JAKARTA – Bursa calon direktur utama PT Pertamina (Persero) kian memanas jelang rapat umum pemegang saham (RUPS) yang dijadwalkan berlangsung Jumat (12/6). Hanung Budya Yuktyanta, mantan direktur pemasaran dan niaga Pertamina di era Dirut Karen Agustiawan, yang semula dijagokan, namanya sedikit meredup. Justru Nicke Widyawati, direktur utama Pertamina saat ini, makin menguat dan diproyeksikan mempertahankan posisi yang sudah dijabatnya sejak akhir Agustus 2018.

Nicke dikabarkan telah mendapatkan restu untuk meneruskan kepemimpinan di Pertamina dari pemerintah. Informasi yang diperoleh sumber Dunia Energi menyebutkan, Nicke telah melakukan rapat dengan Luhut Binsar Pandjaitan, Menteri Koordinator Bidang Kemaritiman dan Investasi (Marves). Sumber Dunia Energi tidak spesifik menyebutkan apa yang dibicarakan dalam pertemuan tersebut, namun salah satunya adalah soal masa depan kursi direktur utama Pertamina. Pertemuan mendadak itu terjadi pada Rabu (10/6) sekitar pukul 17.00 WIB di salah satu hotel elite di Jakarta. “Nicke naik lagi,” kata sumber Dunia Energi tersebut.

Jika tidak ada halangan berarti, Nicke akan ditahbiskan kembali sebagai orang nomor satu di Pertamina pada RUPS Pertamina.

Meroketnya kembali nama Nicke lantaran nama Hanung sudah terlalu sering disebut. Informasi sebelumnya menyebutkan Hanung dikabarkan telah bertemu pihak Istana dan Menteri BUMN Erick Thohir untuk siap melenggang ke gedung Perwira.

Seorang eksekutif Pertamina membisikkan ada kecenderungan pihak Istana tidak terlalu suka dengan keriuhan soal nama-nama bakal calon direksi BUMN, termasuk dalam pemilihan dirut Pertamina. “Kecenderungan sekarang, Istana tidak suka ada kegaduhan,” ujarnya.

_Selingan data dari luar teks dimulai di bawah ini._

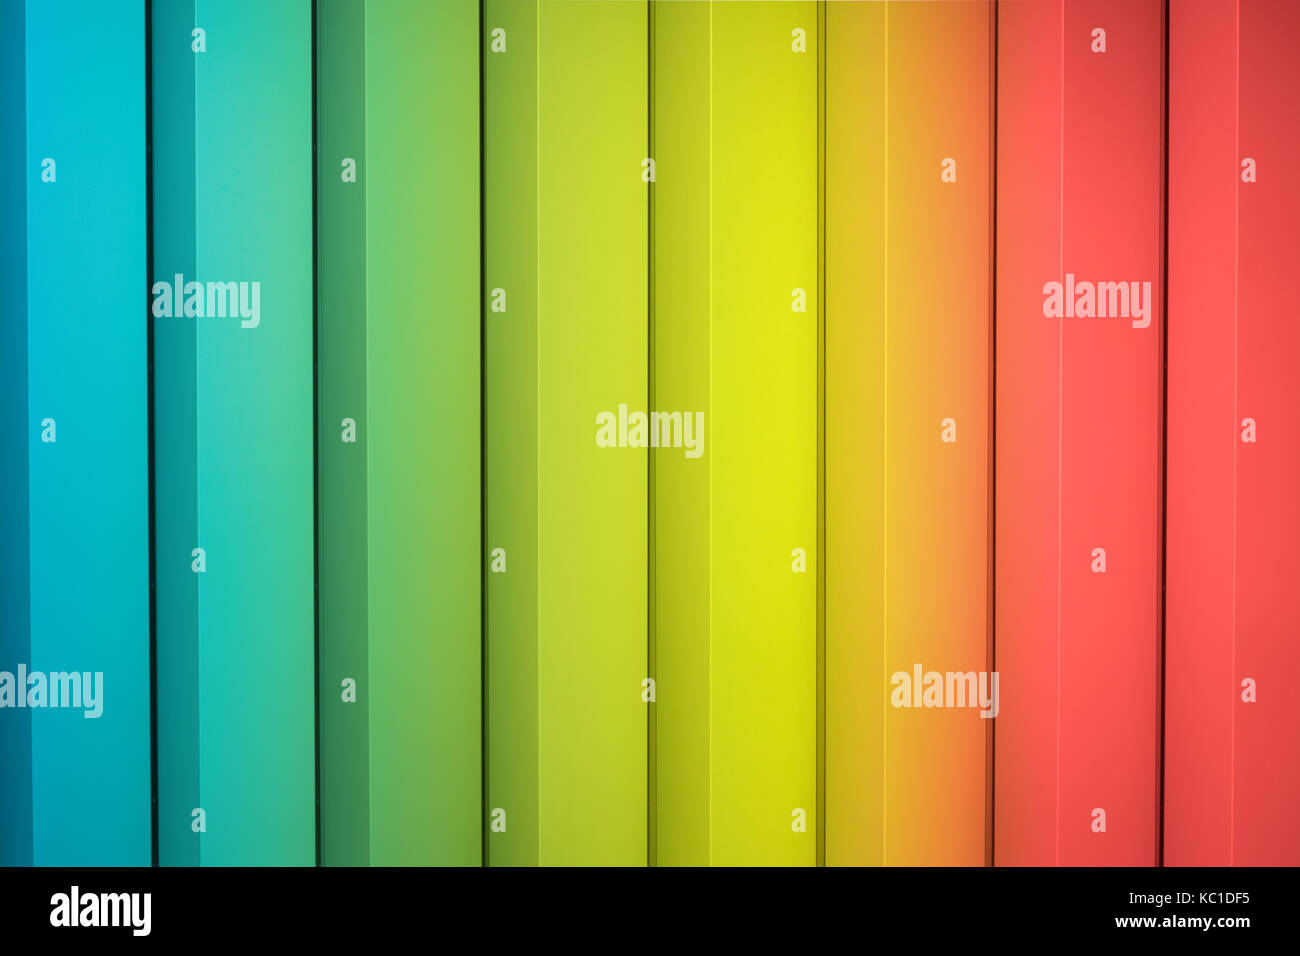 Abstrakte bunten Hintergrund - Regenbogen Farben, gestreift Stockfoto

Hingga berita ini diturunkan, Nicke belum bisa dikonfirmasi. Pertanyaan Dunia Energi yang dikirim via WA pun belum dijawab. Adapun Fajriyah Usman, Vice President Corporate Communication, mengaku belum mengetahui soal jadwal RUPS Pertamina. Terkait soal pergantian direksi Fajriyah menyebutkan itu kewenangan pemegang saham. “Saya juga belum dapat info terkait adanya pertemu Bu Nicke dengan Pak Luhut,” katanya menjawab pertanyaan Dunia Energi.

Basuki Tjahaja Purnama, Komisaris Utama Pertamina, juga mengaku tidak tahu rencana RUPS pada Jumat besok. Soal pergantian BOD Pertamina, Basuki menyatakan hal itu bisa ditanyakan kepada Menteri BUMN. “Itu (pergantian BOD Pertamina) wewenang beliau (Menteri BUMN),” katanya kepada Dunia Energi.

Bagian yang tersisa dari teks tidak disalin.